Hello! My name is Anton, in Rostelecom I am developing a central data repository. Our repository consists of modules, in which several Informatica instances are used as an orchestrator, some of which we want to transfer to Airflow as part of the transition to an open-source solution. Since Informatica and Airflow are fundamentally different tools, taking and repeating an existing implementation is not so easy. We wanted to get a workflow, on the one hand, as close as possible to the current implementation and, on the other hand, using the most interesting first principle of Airflow - dynamism, which gives flexibility.
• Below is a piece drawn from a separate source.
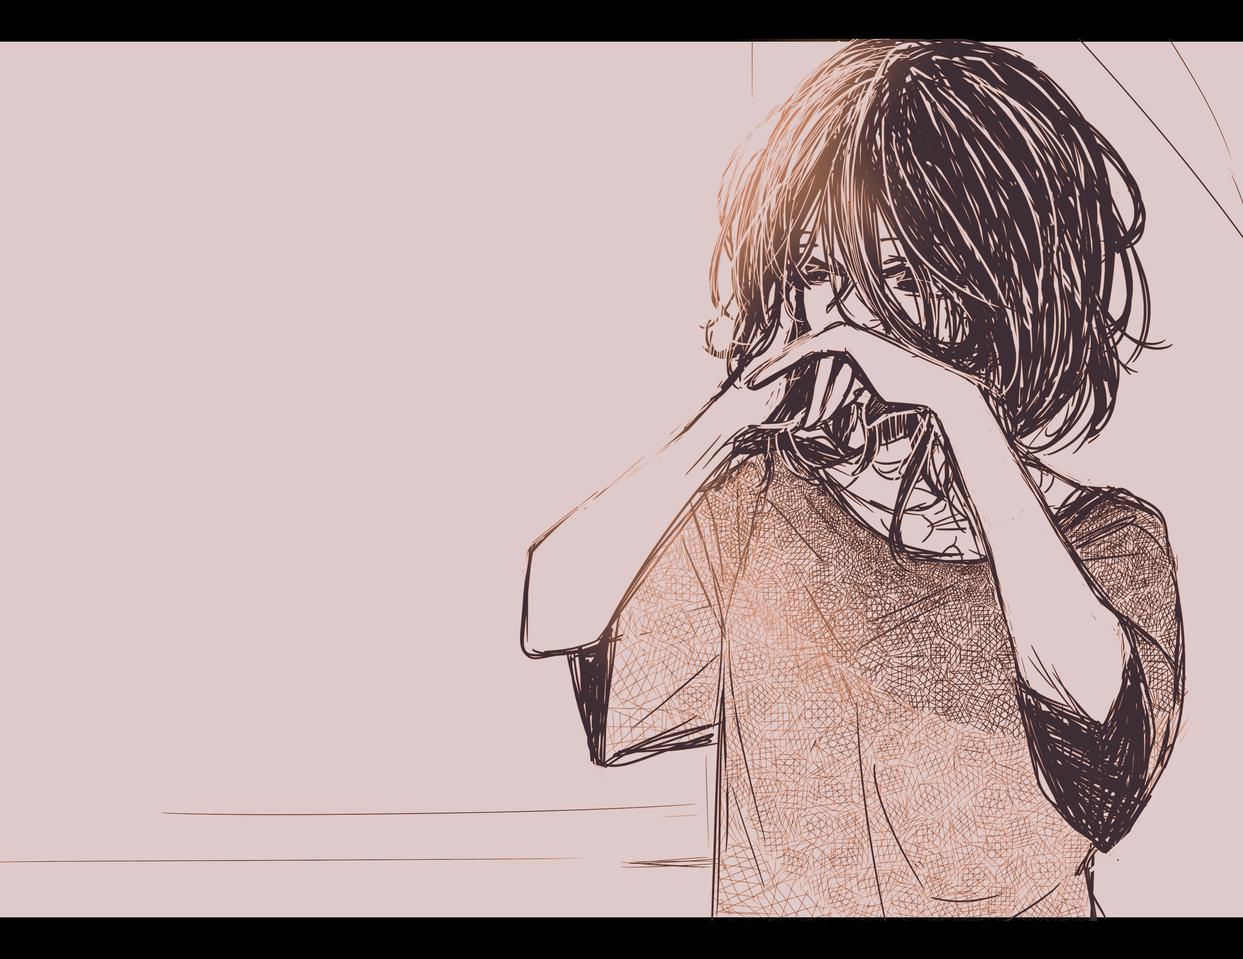 ANta Illust of AkiHaru monochrome sketch oc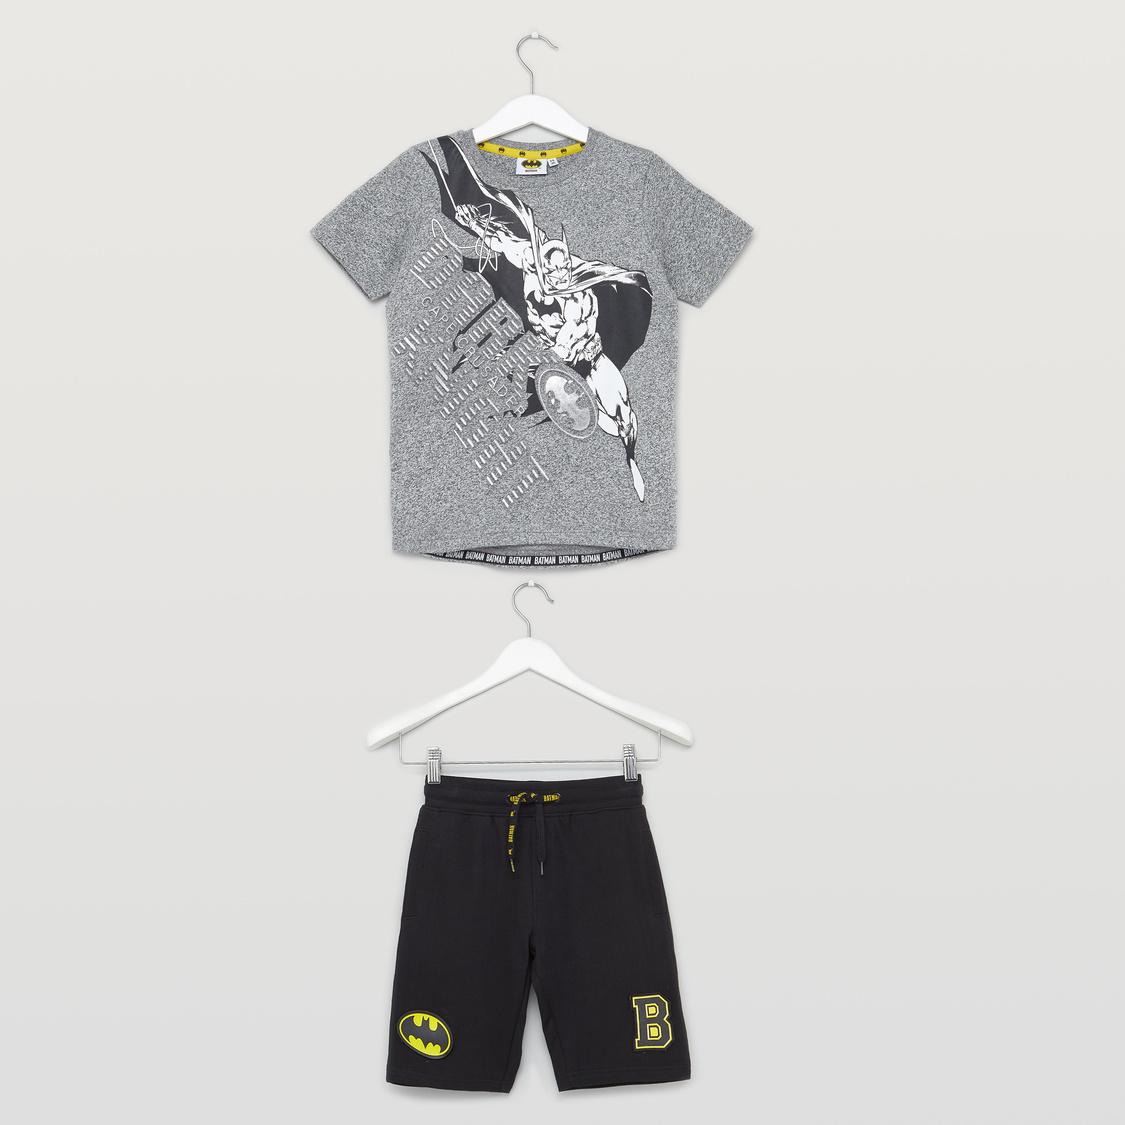 Batman Print T-shirt and Shorts Set

In this short article I want to talk about the truly dynamic generation of DAGs in Airflow. On this topic, there are mainly many articles from developers from India on the Internet, which are materials like "you can generate dags dynamically in Airflow, for example: <example for generating 10 HelloWorld tasks / dags>" . We were interested in the generation of dags, which will vary in time with a variable number and task names.
Currently, Airflow is implemented to launch a module that generates data packets on remote source servers for further loading into the repository. It runs on a simple schedule, it is not very interesting to consider it in detail. Also soon, orchestration will be introduced through the Airflow module, which delivers data packets for further loading by layers into intermediate staging. Here we are waiting for a number of rakes, descriptions of which I have not found anywhere and want to share experiences.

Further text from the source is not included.